**What the task asks**.
Return all of the data below verbatim and exclude every picture.

[Source records — start]

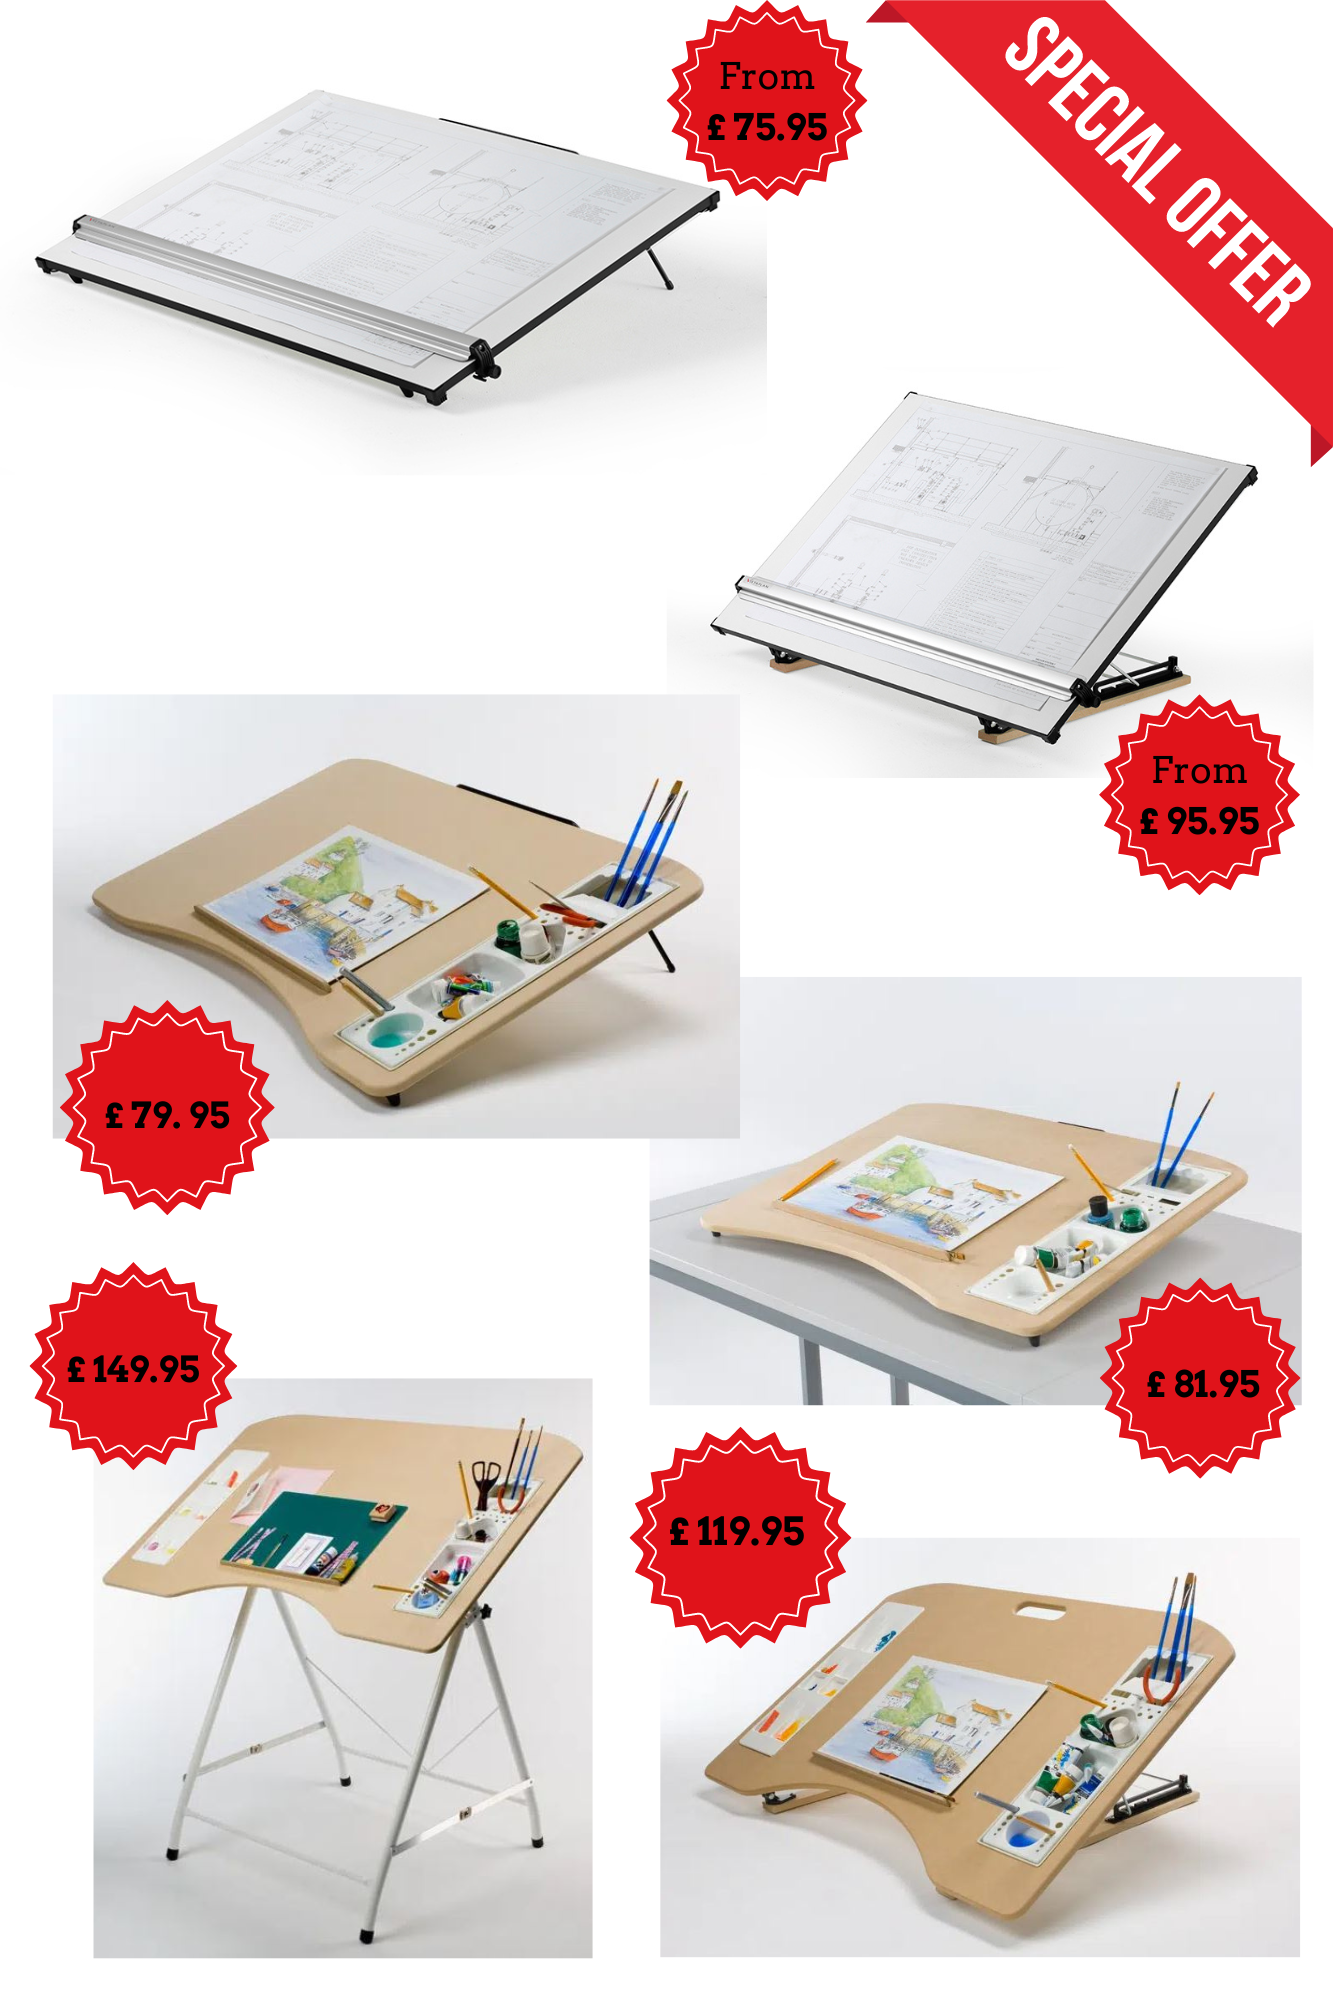 Vistaplan Announces Limited Time Offer on Select Desktop Drawing Boards and Artwork Stations
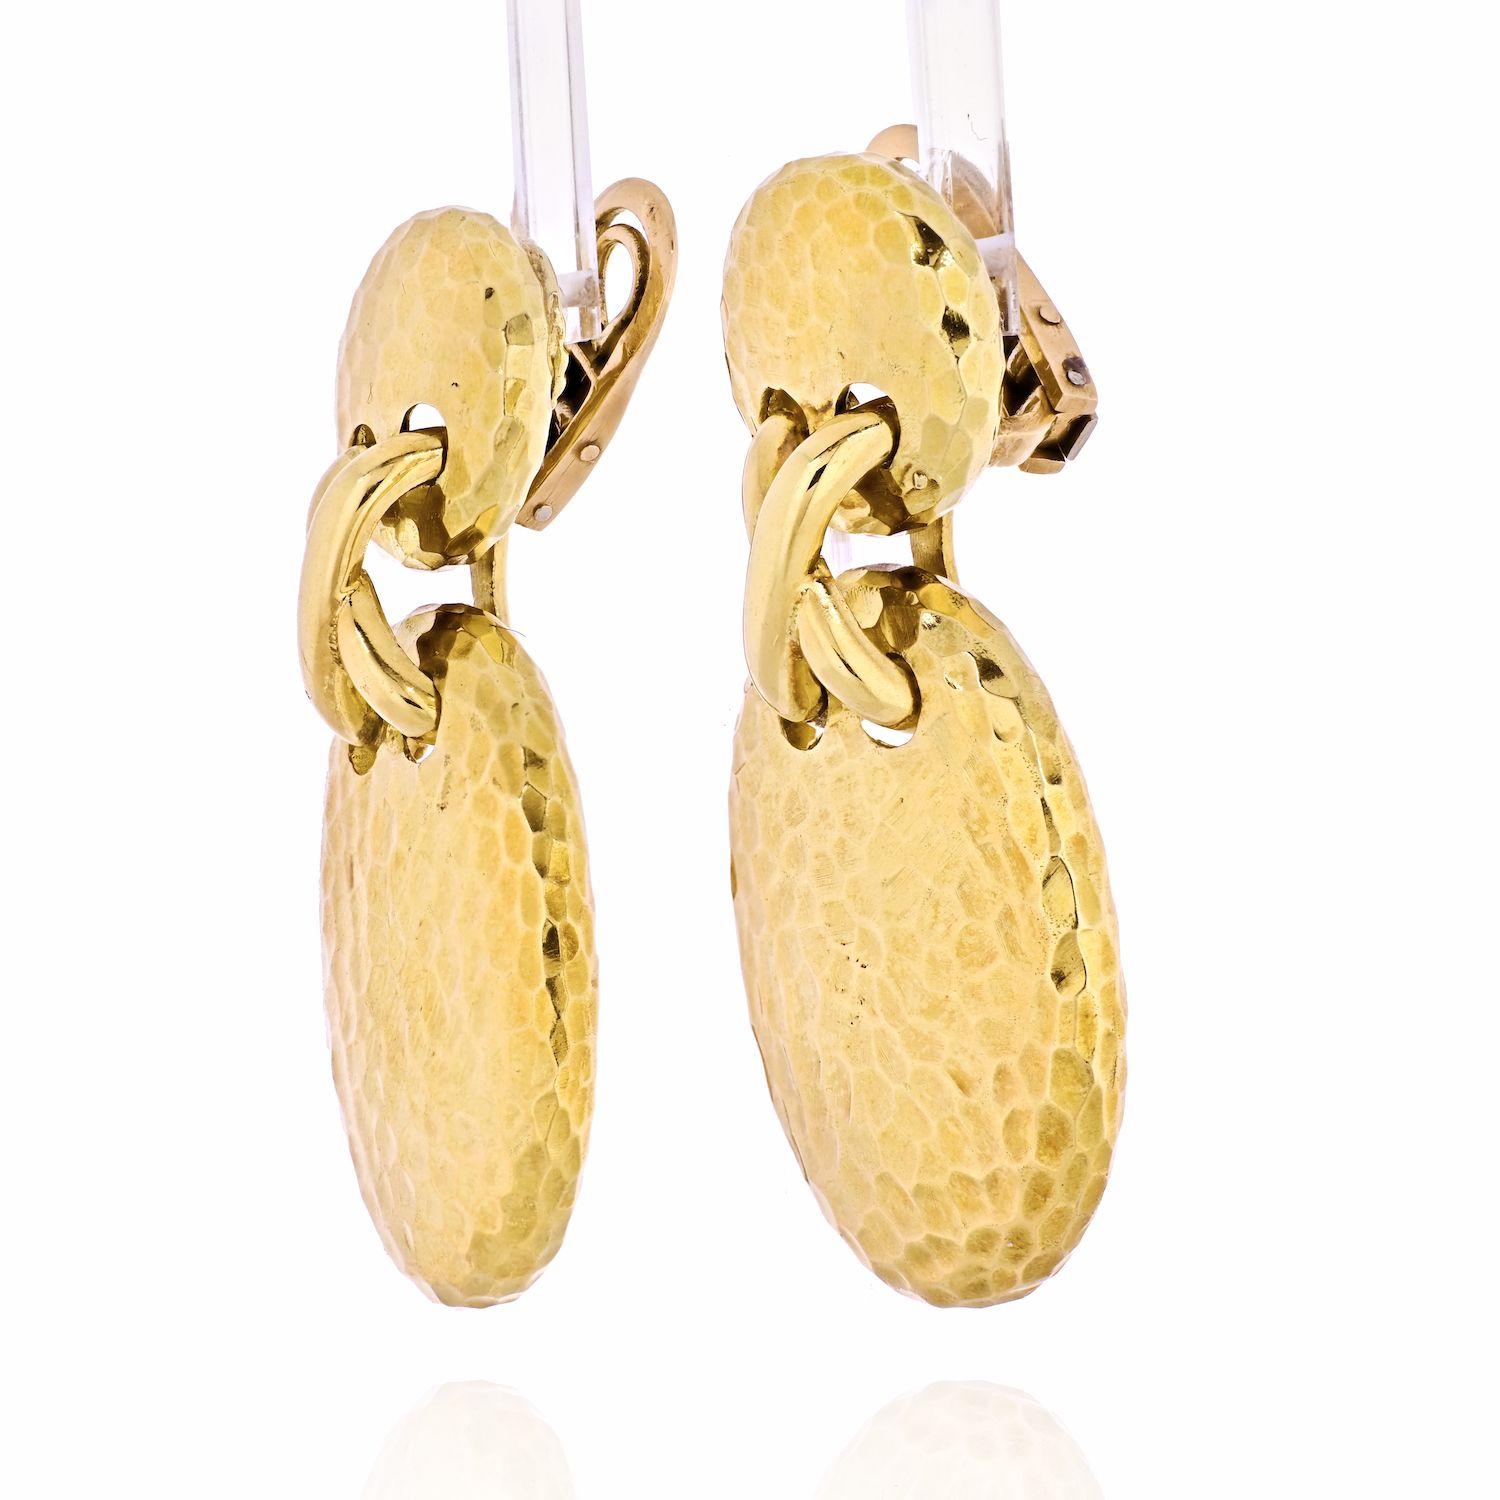 Presented here is a pair of yellow gold hammered finish Van Cleef & Arpels clip-earrings. 
Measuring about 2 inches long these earrings offer a chic way to brighten up your everyday outfit. Attractive high polish look.
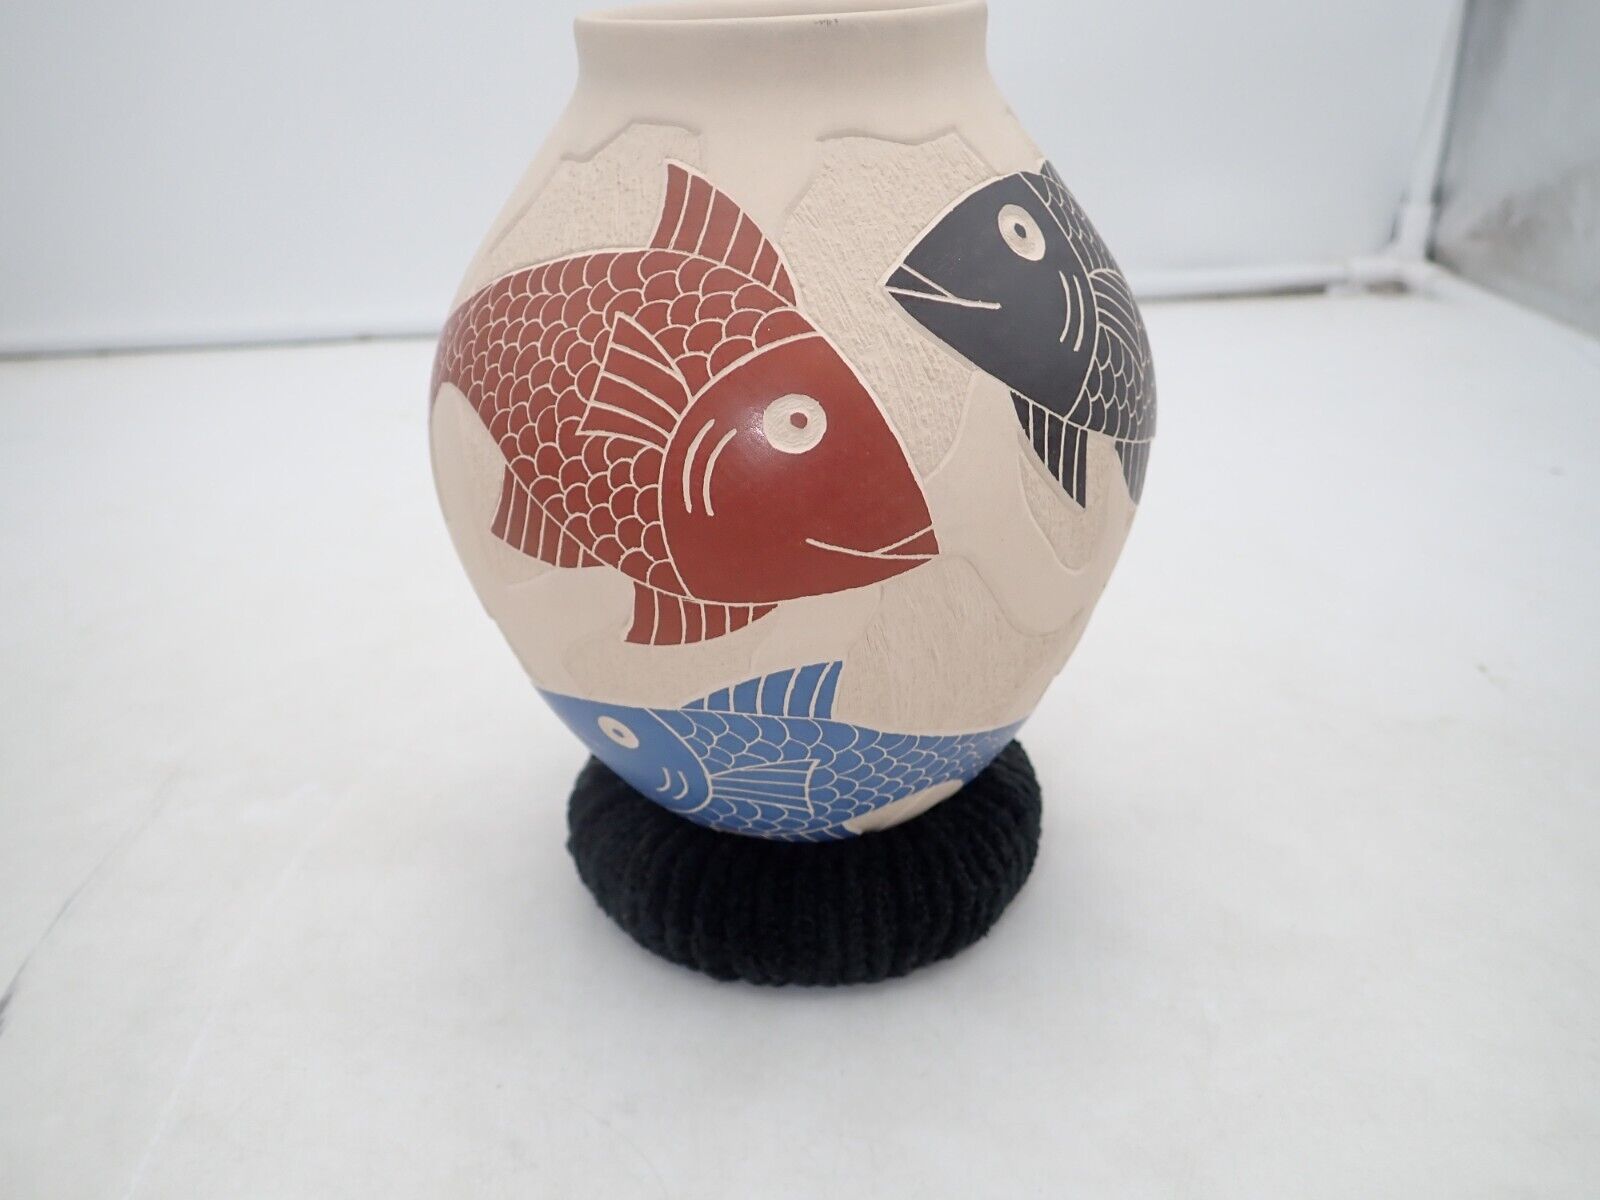 Mata Ortiz Hand built Carved &Painted  Pot or Olla by Humberto Guillen Rodriguez
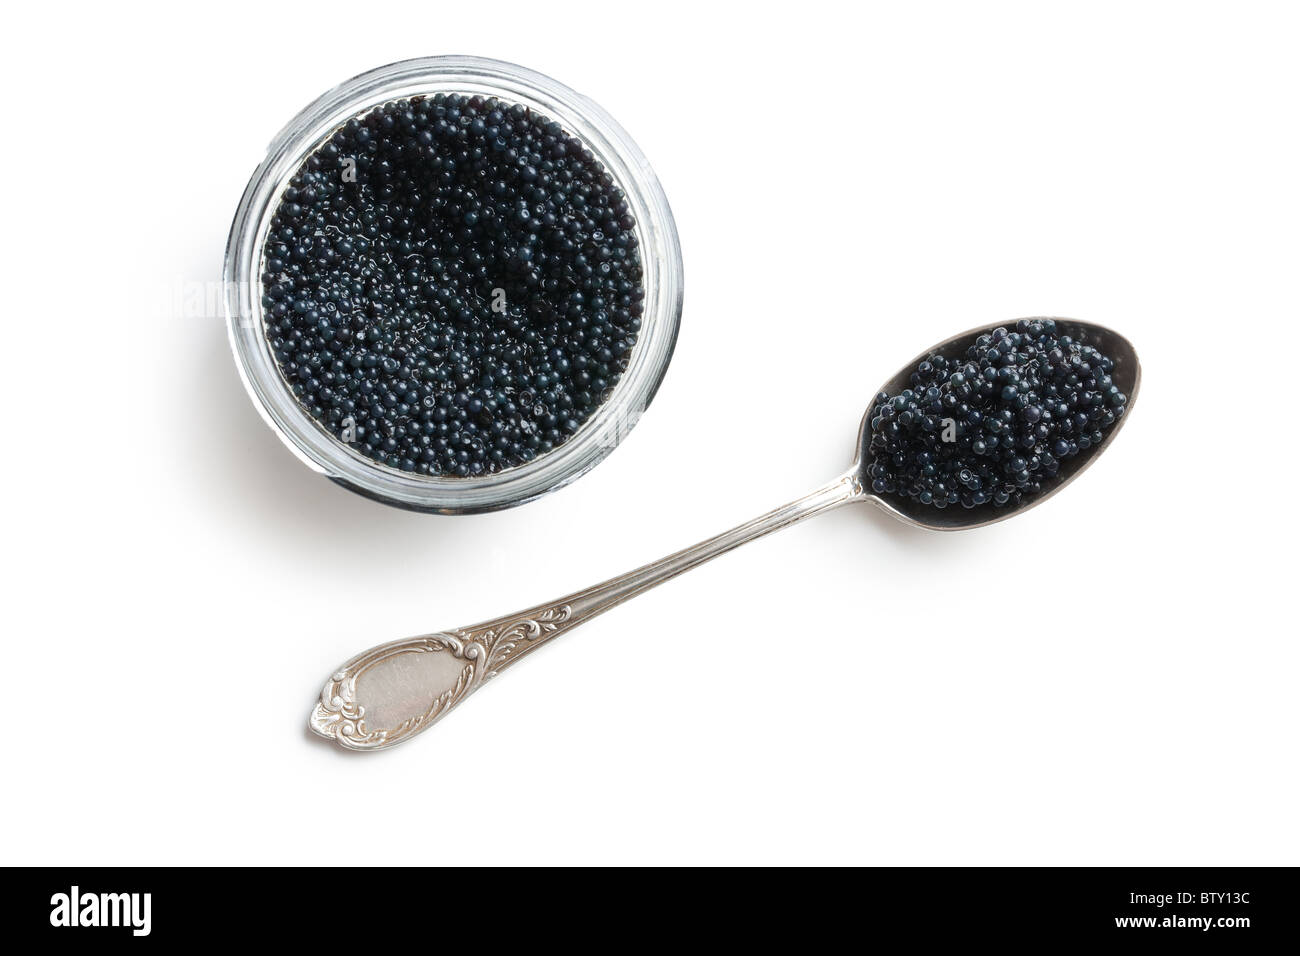 black caviar in spoon on white background Stock Photo

[Source records — finish]

**Solution**.
 Vistaplan Announces Limited Time Offer on Select Desktop Drawing Boards and Artwork Stations
 Presented here is a pair of yellow gold hammered finish Van Cleef & Arpels clip-earrings. 
Measuring about 2 inches long these earrings offer a chic way to brighten up your everyday outfit. Attractive high polish look.
 Mata Ortiz Hand built Carved &Painted  Pot or Olla by Humberto Guillen Rodriguez
 black caviar in spoon on white background Stock Photo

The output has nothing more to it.